High Performance Computing Case Study - Dr Steve Jones

Senior Research Associate - Tyndall Centre for Climate Change Research

Analysing the spatial distribution of carbon dioxide in the ocean requires intensive calculations on all the measurements available. The data used in this comprised over 12 million measurements. This required several trillion calculations and a total computation time approaching 22 years. The ability to run dozens of jobs simultaneously reduced the actual time required to just seven weeks.
 

My work

The world's oceans absorb approximately 25% of the carbon dioxide (CO2) emissions produced by humans. This is significant portion of the global carbon cycle, and it is therefore critical that we understand how the oceans store CO2 and how this storage will change as more emissions are released in future.
 
Much of this analysis relies knowing not only how much CO2 is in the ocean, but also how it is distributed through the different ocean regions. One important way to measure this is to calculate how carbon dioxide concentrations in the ocean water vary over different spatial scales. In some regions, particularly along ocean currents and in ocean gyres, CO2 concentrations can be similar across large regions as water from similar sources is spread over large distances. In other regions the concentrations are much more variable, such as through tides near the coasts or where water from the deep ocean is mixed with water at the surface.
 
The final result of these calculations is a map (below) that shows the distance over which two measurements can be similar in a given part of the ocean.

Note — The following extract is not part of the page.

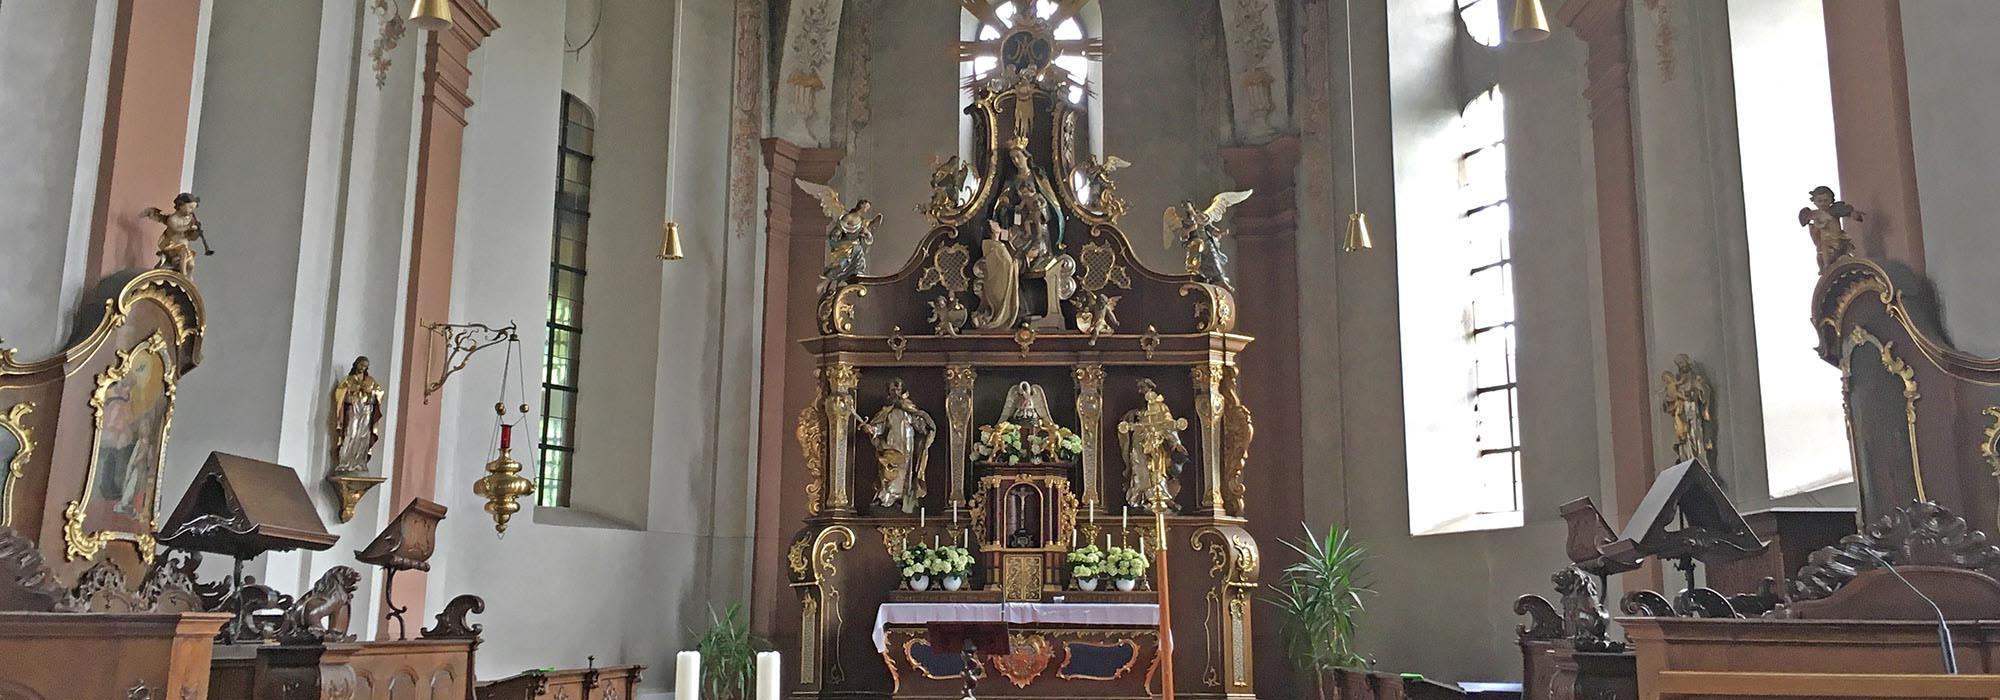 Springiersbach-IMG_1584

In the North Pacific, you can travel 3,000 km and still find that the carbon dioxide concentration is similar to that found at your starting point. In other regions this can be less than 100 km. This information is valuable in many situations. For example, people operating future measurement projects can determine how closely together their measurements should be taken, and therefore how their resources can be utilised most effectively. It is also invaluable for certain types of climate models that can use the spatial variability of ocean CO2 concentrations combined with atmospheric CO2 data to assess how the atmospheric and oceanic carbon cycles interact.